Pointer validation code
donl mathis
donl at glass.esd.sgi.com
Wed Feb 6 11:57:40 AEST 1991
In article <9102041731.aa11984 at WOLF.BRL.MIL>, mike at BRL.MIL (Mike Muuss) writes:
> I handle memory corruption and pointer mis-handling in a rather
> different manner. I have "wrapper" subroutines called
> rt_malloc(), rt_free(), rt_calloc() that take an extra string
> argument which indicates the "purpose" of this allocation/free.
>
> Depending on the setting of some global variables, you can
> independently enable memory activity logging, and memory
> checking. The checking includes adding a "barrier" word at the
> end of the allocation, to ensure that the application is not
> running off the end. It also maintains a full table of what memory
> is being used. This table can be printed at any time, by calling
> a subroutine (either from the application, or via a "dbx -P").
>
> One final note is that most of our application's data structures have
> been designed with "magic numbers" as their first word, so that
> subroutines can validate that they have been given pointers to the
> correct kind of object.
>
> These two techniques have been very powerful, and have virtually eliminated
> the programming difficulties associated with using very complex
> dynamic memory allocation in C.
I have a similar package that accomplish much the same thing, but in a
somewhat more formal environment. My model for memory use was that a
program will enter a logical scope where it will be building a new
structure of some kind, allocate many bits and pieces within the
structure, and then throw the whole thing away at once. Any number of
such scopes may coexist. I abandoned the notion of explicitly freeing
individual values, and at least in my applications, have not missed
it.
A scope is created by opening a "memory group", which has a name and
perhaps some tuning parameters. A pointer to struct is returned to the
caller, and all allocation requests are made against that handled.

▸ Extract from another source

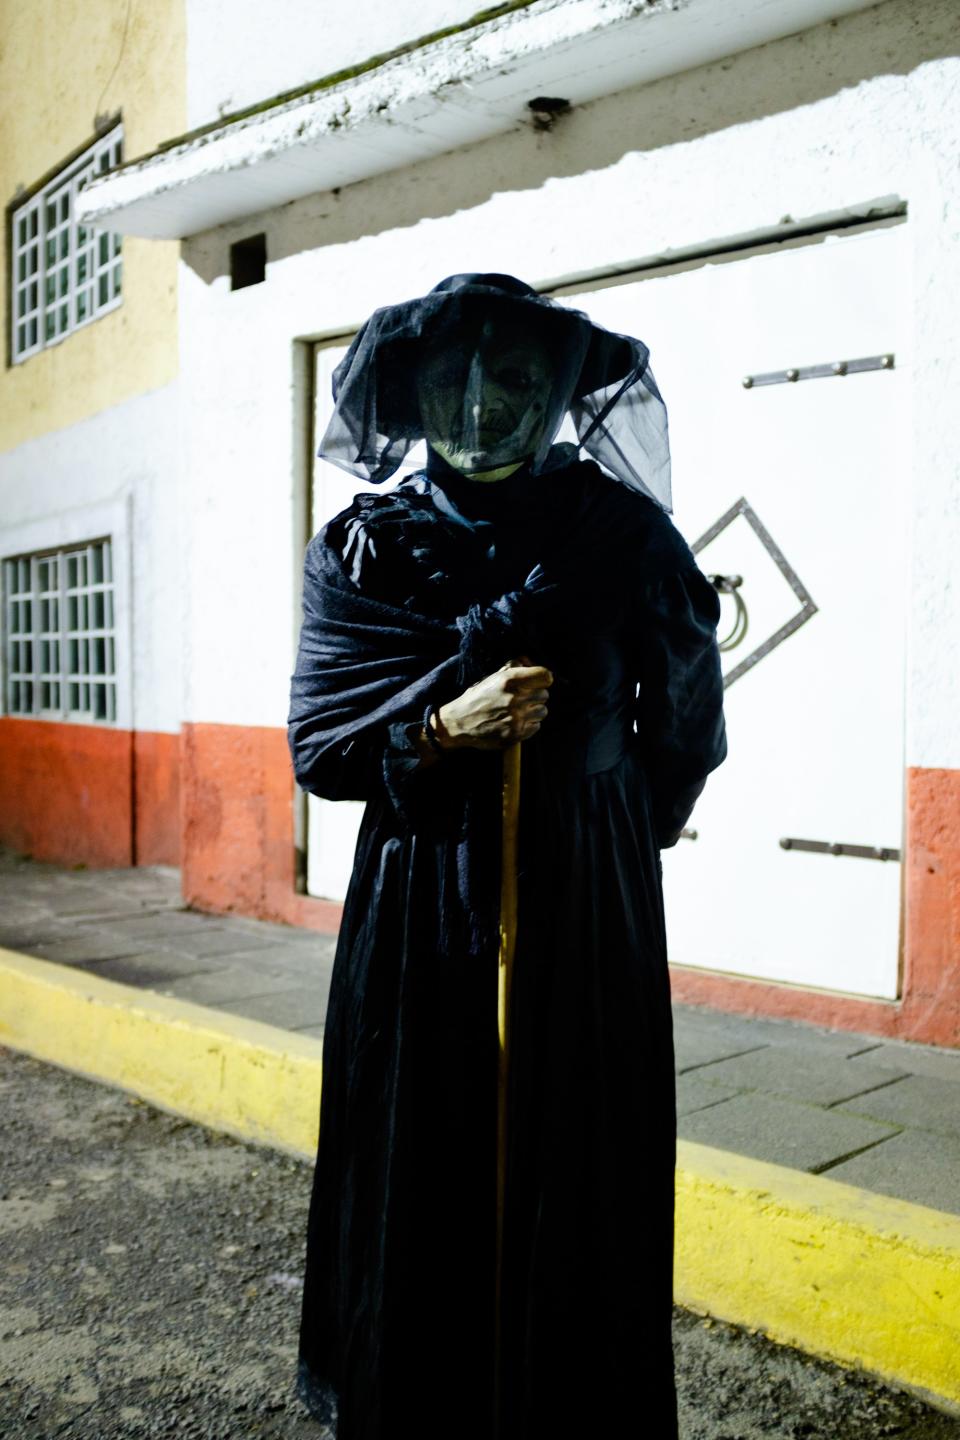 A costumed local in Xochimilco.

Relatively large blocks of memory are added to the group as necessary.
Each block has a header that contains a pointer to the current free
space within the block. Individual allocation requests are generally
satisfied by simply keeping an eye on the free count, and bumping the
pointer into the block. "Freeing" the group consists of resetting the
block pointers, also quite fast. A group can be destroyed and its
blocks returned to the pool.
Verification gets easier once you have a structure describing the list
of blocks, and block headers that describe the memory that is part of
the group. It is a simple matter to verify that a pointer to an object
of a known size is completely within a block in the group, and that a
group appears to be self-consistent. (One of the routines in my test
suite repeatedly fires random bytes into memory and calls the
verification routines; it usually, though not always, notices a problem
before the program dumps core.)
On top of these basic mechanisms, there is a user interface layer
designed to make memory easy to get and use. Macros provided typed
allocation of the appropriate size, and there is an extension to the
basic mechanism for variable-sized arrays that grow as necessary when a
reference goes out of the current bounds. Macros also providing
scaling by N to allocate arrays without a fuss.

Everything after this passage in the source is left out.